When Asa was born her condition was unstable. She was whisked away to the NICU and Jaeckel was unable to hold her or even see her for long. The next time she saw Asa was before Asa’s surgery. It later turns out that Asa was born with a malformed esophagus (TEF) which occurs only in one in 3000-4000 live births, rarer than heart defects. This meant that Asa’s esophagus didn’t continue on to her stomach. Instead part of her esophagus was attached to her trachea.

Much like Maus, this graphic memoir uses small animals (mice, dogs) as the characters. But unlike most graphic memoirs/novels, speech bubbles aren’t used much. Instead a lot of the story takes place in a box above the image, even though it’s told from the author’s perspective. It was a different style and it also made me wonder, maybe it should just have been written as a text-only book instead? There is so much text going on that it seems to defeat the purpose of all those graphic sometimes. Often, I felt that the text and the illustrations were very disconnected, perhaps because the text was all situated in a box above the illustration, like they were very separate.


That said, there were some moments where the illustrations really stood out and spoke for themselves, especially when she plays with lots of black in the panels.

Spot 12 fills the reader with emotion. Sadness at the pain this young child had to go through. Gratitude for my own healthy children. It’s a tragic and painful story that this family had to go through, and the strongest moments of the book are when Jaeckel writes and draws about those dark and difficult thoughts she has, as a mother with a baby going through all this pain. But as a graphic memoir, this style didn’t really worked for me.

 

jenny-jaeckelJenny Jaeckel holds a Bachelor of Arts in Creative Writing from The Evergreen State College in Olympia, Washington and a Master of Arts in Hispanic Literatures from the University of Massachusetts at Amherst.

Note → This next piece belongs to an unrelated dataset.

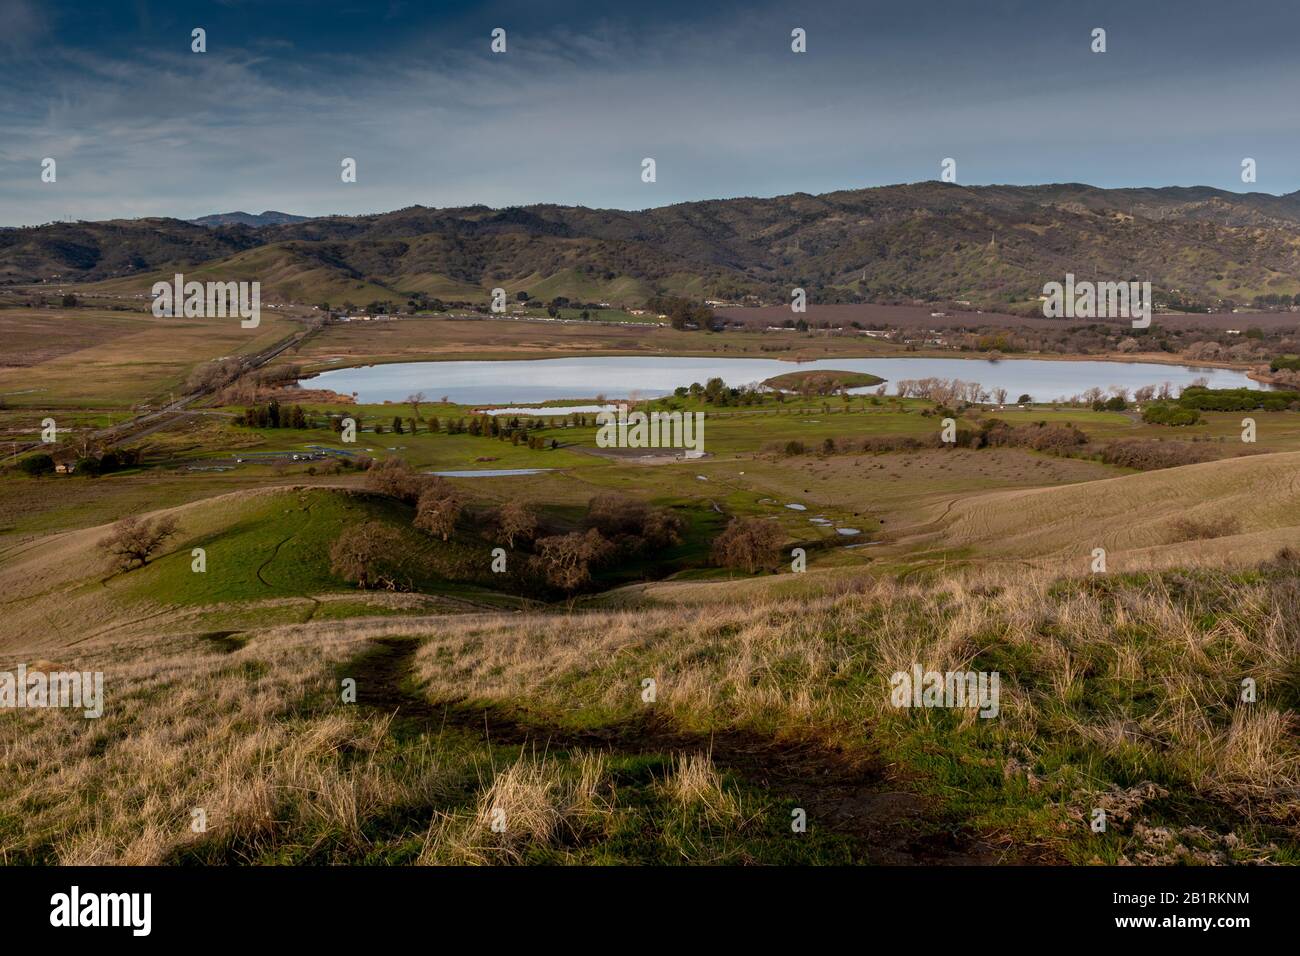 The Lagoon Valley Park in Vacaville, California, USA, viewed from a hill, including the highway I-80 and a lake Stock Photo

She is a certified interpreter and translator (Spanish) and teaches illustration. She lives in Victoria, Vancouver Island in British Columbia with her husband and daughter.

Jaeckel is the author and illustrator of three graphic memoirs: Spot 12: Five Months in the Neonatal ICU, which won a 2008 Xeric Grant (printed in Canada, to be released in the US in 2016 in both English and Spanish), Siberiak: My Cold War Adventure on the River Ob (published in 2014), and Odd Pieces: Memoir of a Childhood(to be published in 2017). For the Love of Meat: Nine Illustrated Stories is her first collected fiction (2016).

Find out more about Jaeckel at her website, and connect with her on Twitter.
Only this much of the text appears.